Help! I've no money left over to promote my new bridal boutique
Q: I am just about to open a bridal boutique in a little village called Greyabbey in Co Down. The village has everything you need for a wedding, from an abbey for the marriage, a florist, country house, etc.
My problem is this: have absolutely no money left at all to do any advertising/marketing for my own business. Any ideas?
A: What a great place your village sounds. The perfect wedding venue for sure. I meet many businesses who struggle with a budget for advertising which is always a dilemma. Of course as you know, creating awareness of your business and brand is the key to success.
Start by talking to the other businesses you mention and see if they would be all willing to collaborate on a combined marketing effort, eg you could all email or text your customers and introduce each other's businesses to a wider customer group. It would also be great if you all agreed to promote each other's services via each companies' digital platforms.
What would be super is if you could organise a "village wedding fair" over a weekend and showcase the full combined offer. From what you say this would be a unique offer with so many different businesses in the one great location. You could think about getting a local radio station to broadcast it.
Free PR is always important when promoting your business on a limited budget. Try and think up some media-friendly opportunities you could create either for your own business or the combined group, eg could you get some testimonials from some of the famous people who have already got married there, or their guests. You could even consider offering a free wedding package as part of a competition which could be run in partnership with a TV station, whom I'm sure would be delighted with a prize this large! While you can do all of this on your own, I think your chance of getting substantial coverage will come from the magic created by a collaborative effort.
Q: I run a business and I have been under significant pressure for the last five years as my sales collapsed at a time when I had just taken on big borrowings and I now find myself under pressure constantly and dedicating many hours per week juggling the finances and worrying about banks. Can you give me any advice?
A: Your role as owner is to manage the business and maximise its opportunities in the marketplace.

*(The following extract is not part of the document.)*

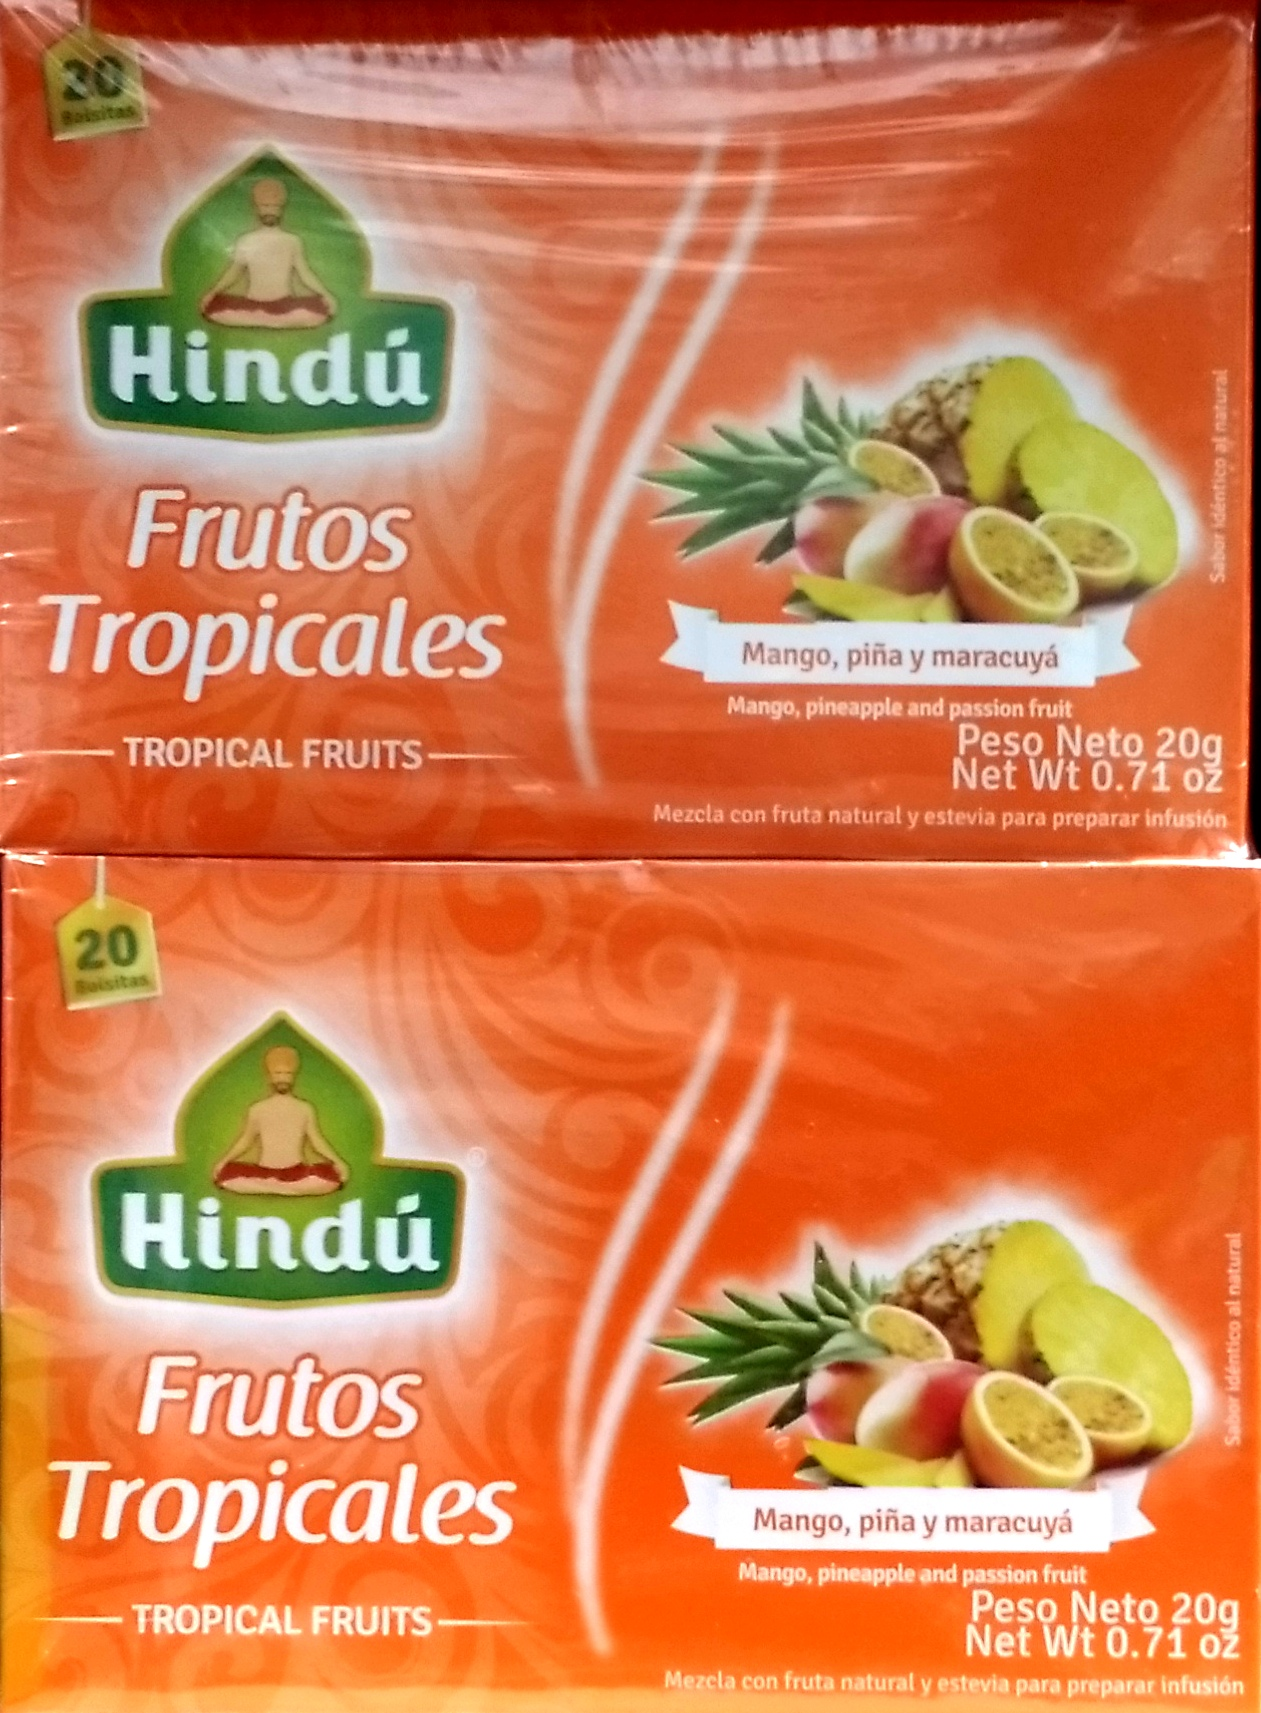 Infusion Hindu Frutos Tropicales 20ux2 40g

If you end up spending a disproportionate amount of time stressed out over your financial affairs and managing your cash flow, then your attention to running the business starts to diminish.
I have met so many business owners over the last five years who have found themselves in this predicament.
They lose complete focus on what their own role should be and instead become a slave to figures and their bank.
While this might sound like the correct thing to do, what these business owners don't realise is that their business slowly starts to die as it doesn't have the full attention of the business owner.
You have done the smart thing and simply by raising the question demonstrates that you are aware that there is a problem.
While the cash flow needs to be managed and bank relationships kept updated, you must return to your core role of managing the business.
Breathe new life into the business, let the expertise that you have be put into place and take great care that you balance your time in order to ensure that 90pc of it is spent where it should be, driving the sales and profitability forward.
You also indicated that you are becoming stressed out over all of this. Don't!
There are hundreds of thousands of people right throughout the country in the same situation as yourself, and sooner or later they all come to realise that life goes on regardless of the amount of money that you owe.
It isn't your fault that sales collapsed in the business and you borrowed the money with the full intention of repaying it to the financial insitution concerned.
No doubt you are an expert in your field and you just need to remind yourself of this. There is a danger from what you are describing that you will begin to convince yourself that you are working for the bank, rather than running your own successful enterprise.